The Éridan is a two-stage French sounding rocket, which results from the use of the Stromboli engine (also used on the Dragon and Dauphin) for the first and second stages.

It belonged to a family of solid-propellant rockets that also encompasses the Belier, the Centaure, the Dragon, and the Dauphin. As the most powerful version of this series it could lift payloads from 120 kg to 250 kg up to altitudes of 220 km to a maximum of 425 km.

Its ascent time is between 230 and 350 seconds. Total thrust was 90.00 kN (20,232 lbf) with a gross mass of 2006 kg to 2316 kg depending in payload. The rocket had a height of 9.92 m, a diameter of 0.56 m and a span of 1.773 m.

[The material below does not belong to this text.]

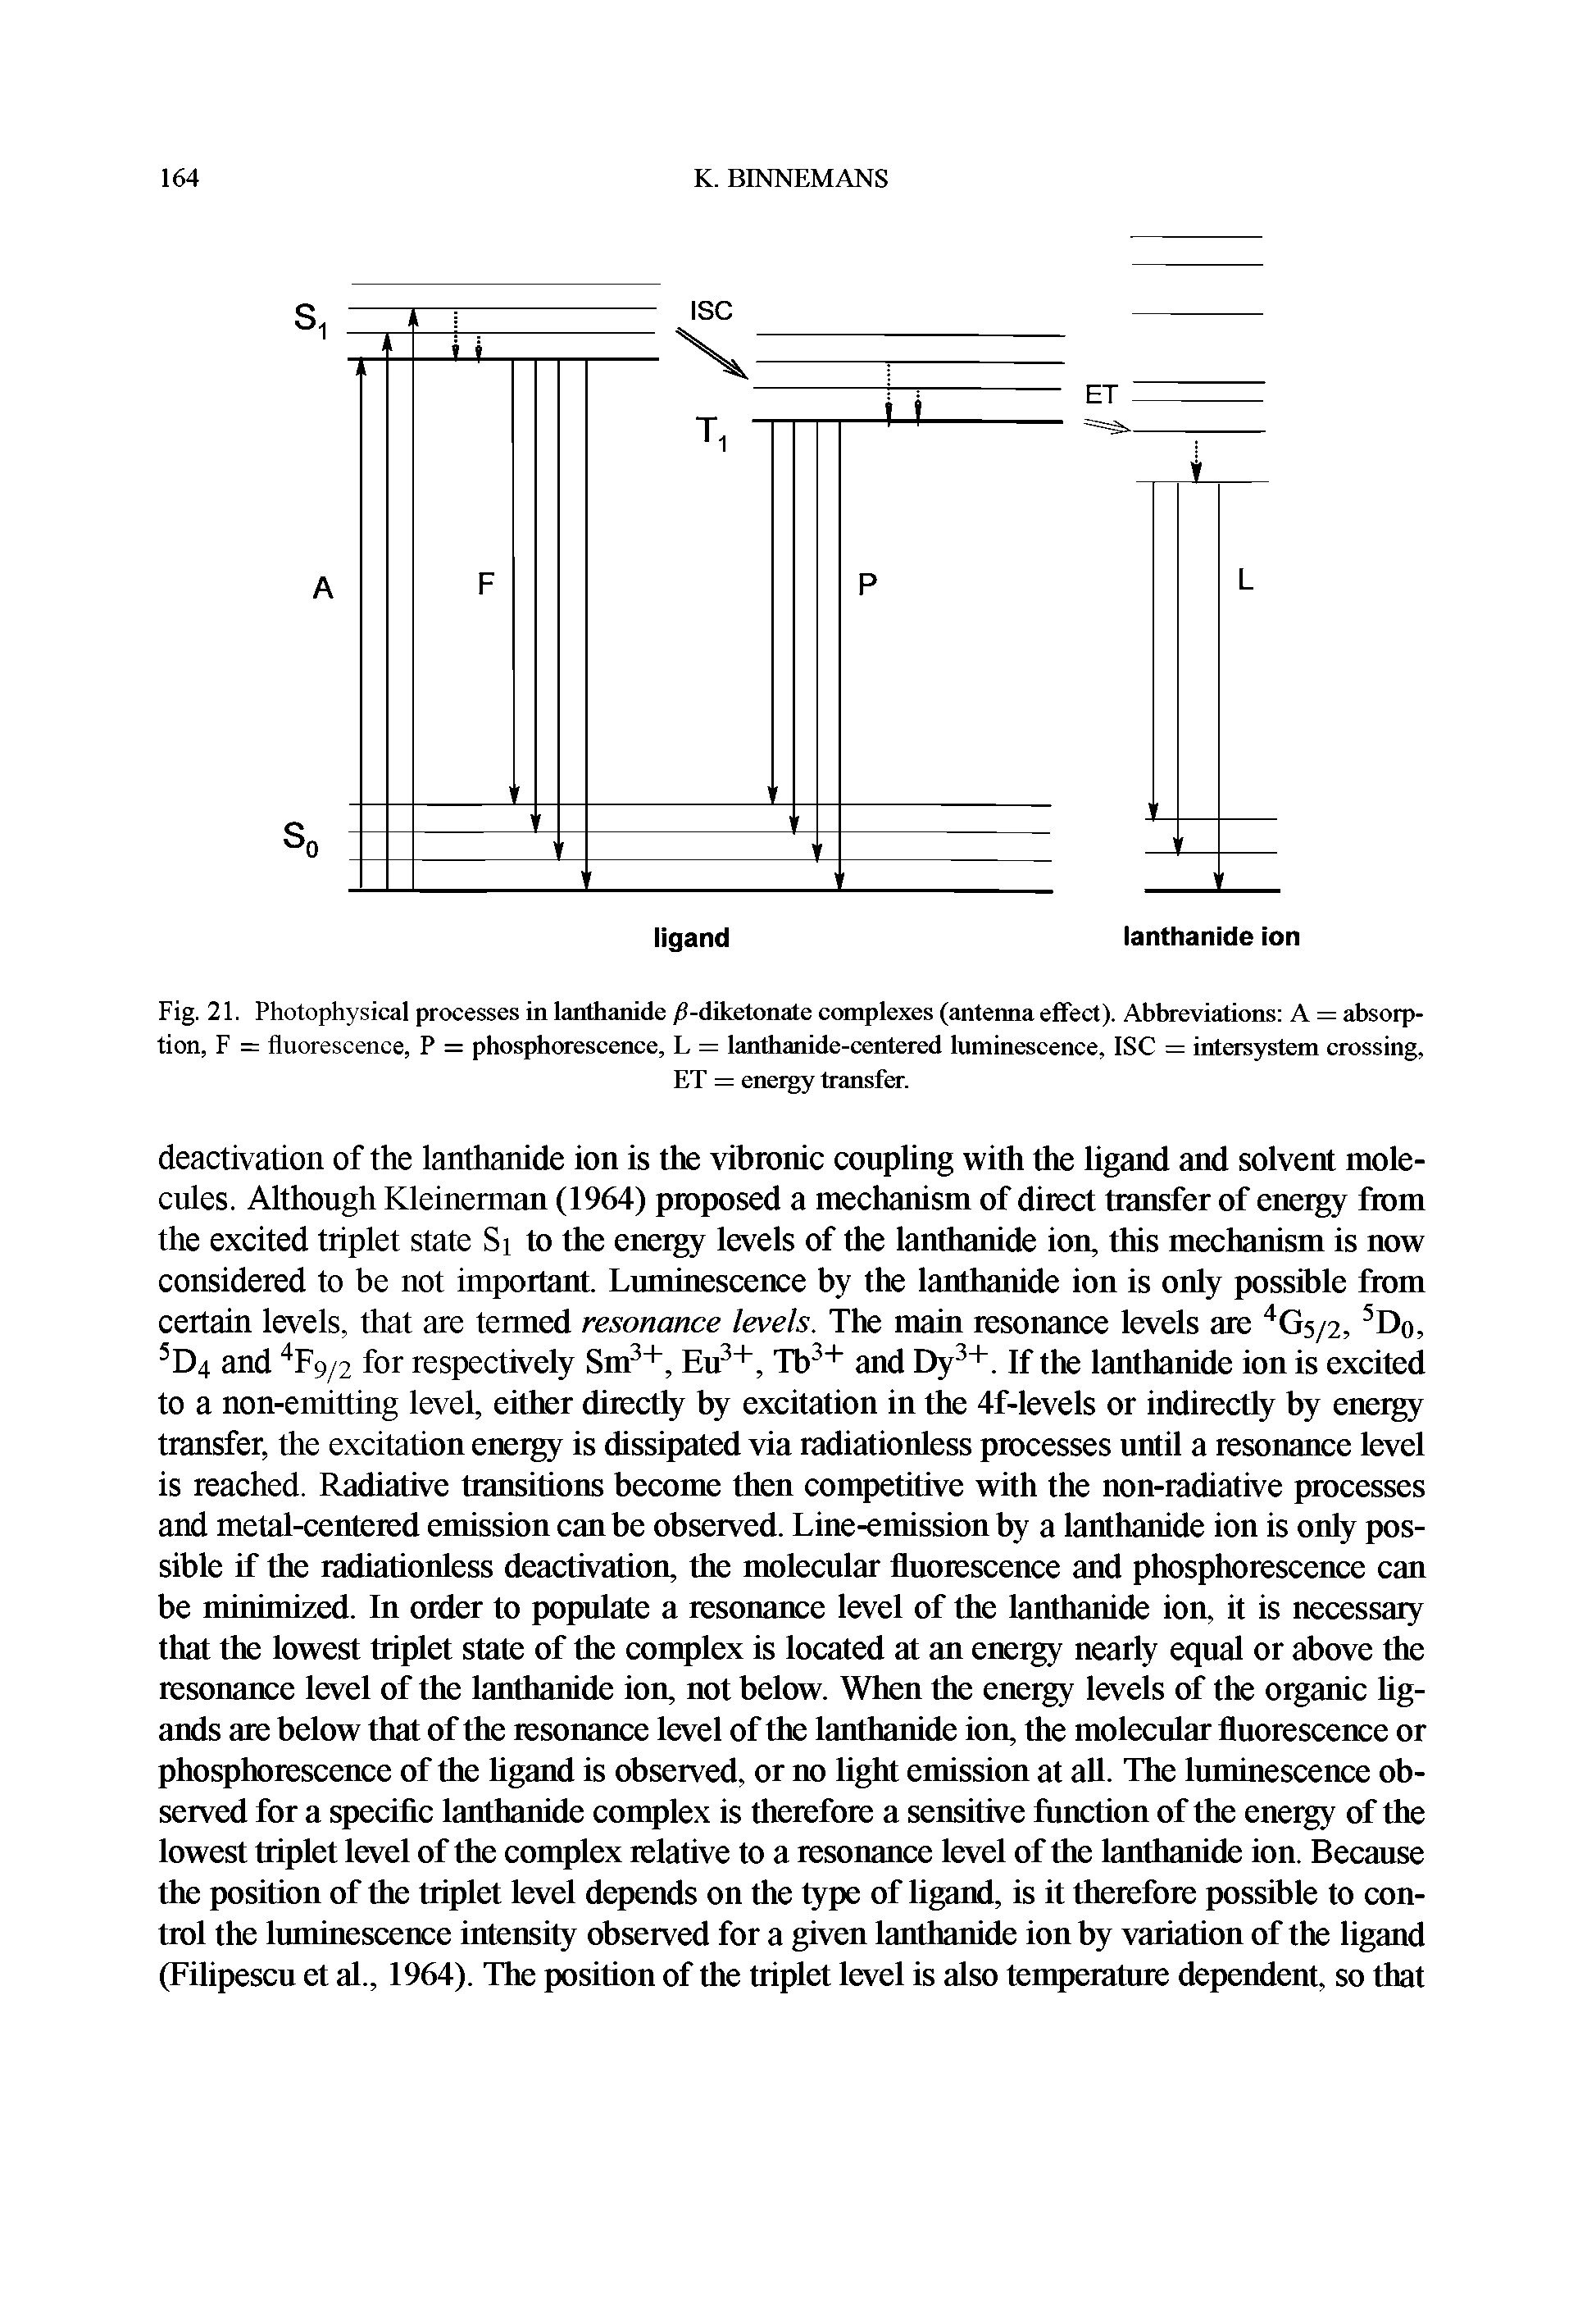 Fig. 21. Photophysical processes in lanthanide -diketonate complexes (antenna effect). Abbreviations A = absorption, F = fluorescence, P = phosphorescence, L = lanthanide-centered luminescence, ISC = intersystem crossing,...

An improved version called Éridan II was planned in 1971 but it never materialized due to the project being cancelled in 1973.

== Launches ==
Éridan was flown fifteen times between 1968 and 1979 from Kourou and the Kerguelen Islands.

The first flight from Kourou on 26 September 1968 failed, but was followed by twelve successful launches that took the rocket to altitudes of 196 to 420 km between 12 April 1969 and 14 November 1979. Objectives were ultraviolet astronomy experiments, solar physics and training launches for operators at the Kourou launch base.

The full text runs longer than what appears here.